House financing offers another example. Conventional banks use interest-based mortgages. Islamic banks typically use something called a musharaka, whereby they enter a joint venture to purchase the house for the buyer, who gradually buys out the bank's share, while paying rent--the rate of which tends to closely match prevailing interest rates on mortgages. Islamic banking arose in the mid-1970s, fueled by a quadrupling of oil prices, which left Gulf states flush with cash, and the spread of pan-Islamism, which drove Muslims to seek their own alternatives to conventional finance, according to Ibrahim Warde, a Tufts University professor and author of "Islamic Finance In the Global Economy."

"There was a lot of utopian talk about creating a new financial system, but over the past 30 years Islamic banks have had to be pragmatic and operate within the real world," says Warde. "So you end up with some rhetoric giving things different names."

Warde compares the financial contortions of today's Islamic banks with the contractum trinius used by medieval Christians to circumvent the church's ban on interest. It consisted of three contracts--an investment, a sale of profit and an insurance policy--each of which was permissible on its own but when combined mimicked an interest-bearing loan. The Christian ban on interest dissolved during the Protestant Reformation. The Muslim ban did not.

Fees for Islamic financial products are generally a little higher than those for conventional ones, say Khan and Warde, owed to the smaller scale of the system, the added cost of clerical supervision and the need for more paperwork, such as when many equipment markup transactions are used for a business instead of a single line of credit.

As with all banking, there's also the occasional shady dealer. "There are some people who call themselves Islamic who really are nothing but brokers," says Yahia Abdul-Rahman, founder of Lariba, an Islamic finance company in Pasadena, California. "You call and they say they'll charge you 4.2%, but they don't tell you about the fees--administration fees, partnership fees, limited liability company fees, rate-locking fee, application fee--and you end up at least half a point higher."

Abdul-Rahman says Lariba offers competitive rates and that unlike some Islamic banks, it bases its house financing on actual market rents, not rents that are contrived to match mortgage rates. When and where prices are high relative to rents, it turns down transactions because its return on investment would be too low. As an added benefit, that practice helped it avoid big losses during the U.S. housing bubble that peaked in 2006. High price-to-rent ratios are a classic sign of a bubble.

Islamic banks are gaining recognition for some other side benefits of their practices. Their focus on material transactions left them relatively free of the toxic assets that plagued Western banks in recent years. Also, their shunning of leverage constrains their growth but keeps their balance sheets relatively strong.

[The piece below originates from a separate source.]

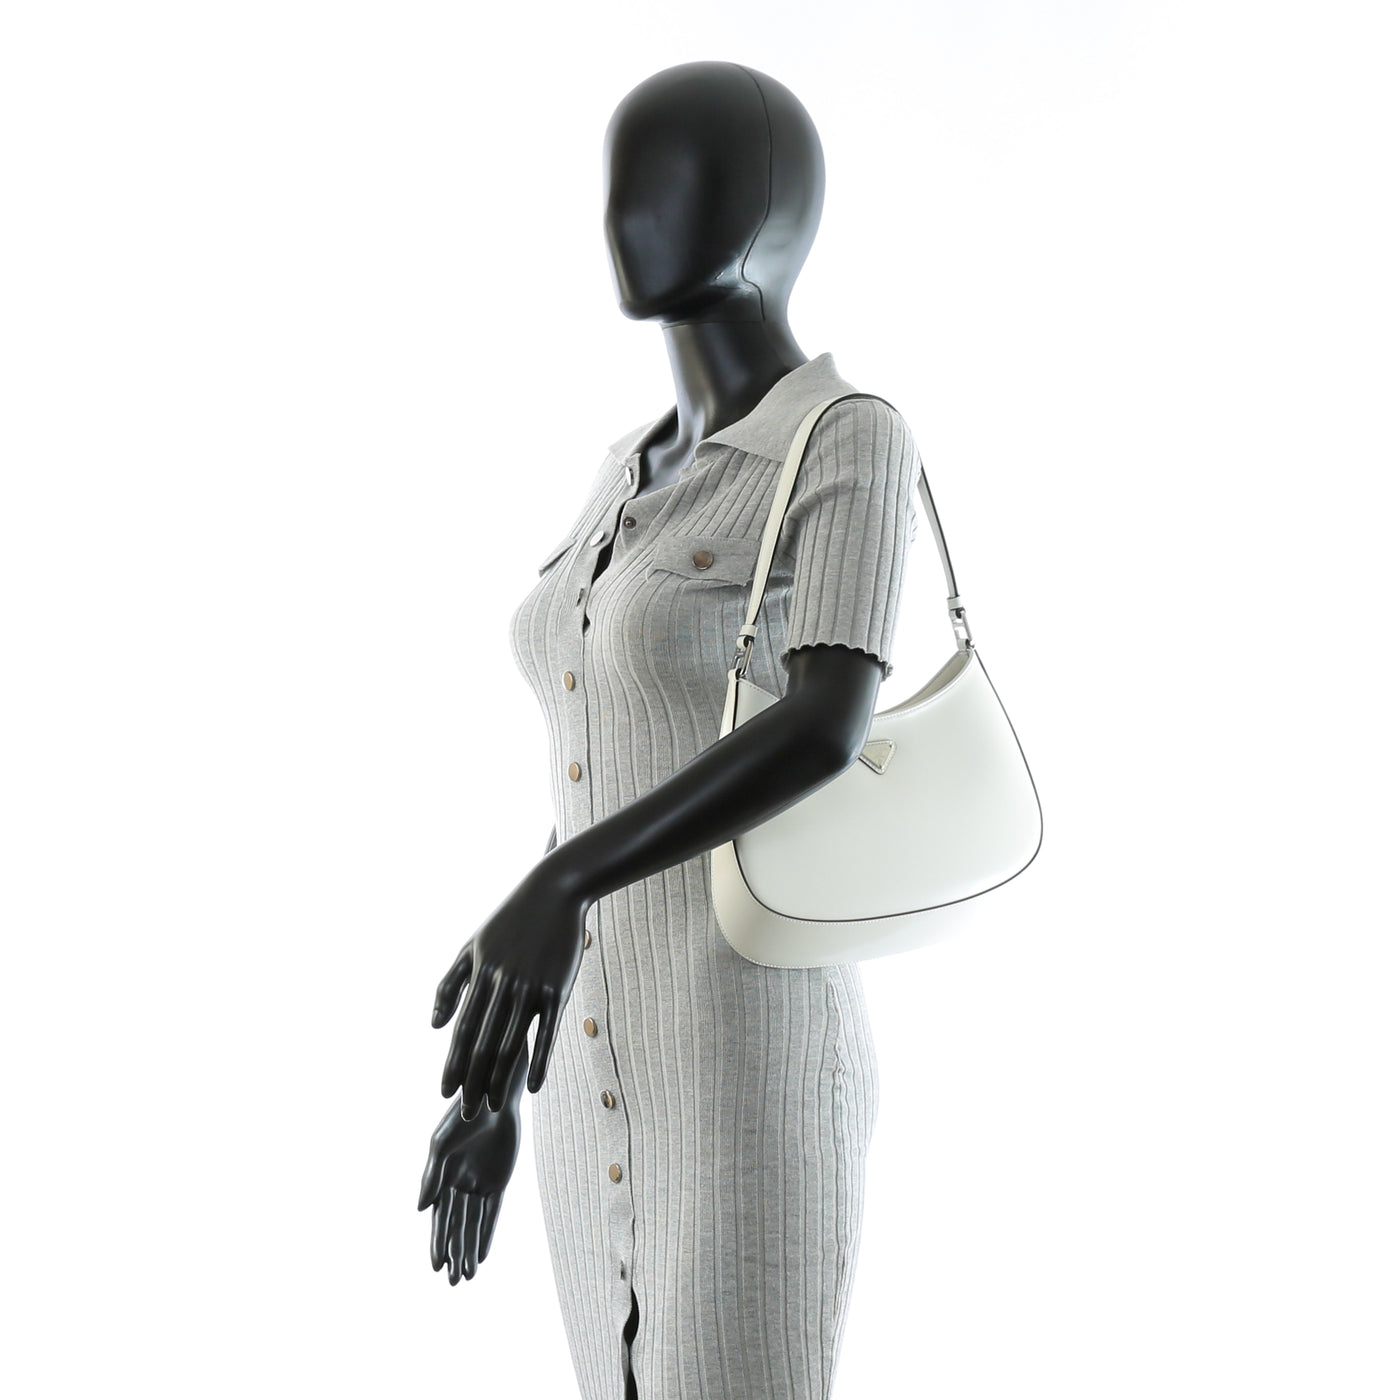 PRADA Cleo Brushed Leather Shoulder Bag - White

Ultimately, the question of the Islamic-ness of today's Islamic banks might be less important than the question of whether the best ones offer a template for socially palatable finance in all faiths. Abdul-Rahman, who wrote a book titled "The Art of Islamic Banking and Finance," published in January, says he now uses the term riba-free rather than Islamic to describe Lariba, because it's "based on a Judeo-Christian-Islamic values system," and many of its customers are non-Muslim.

"We believe the first riba-free banker in the U.S. was Jimmy Stewart in 'It's a Wonderful Life,'" he says. "That's what a community banker is about."

Jack Hough is an associate editor at SmartMoney.com and author of "Your Next Great Stock."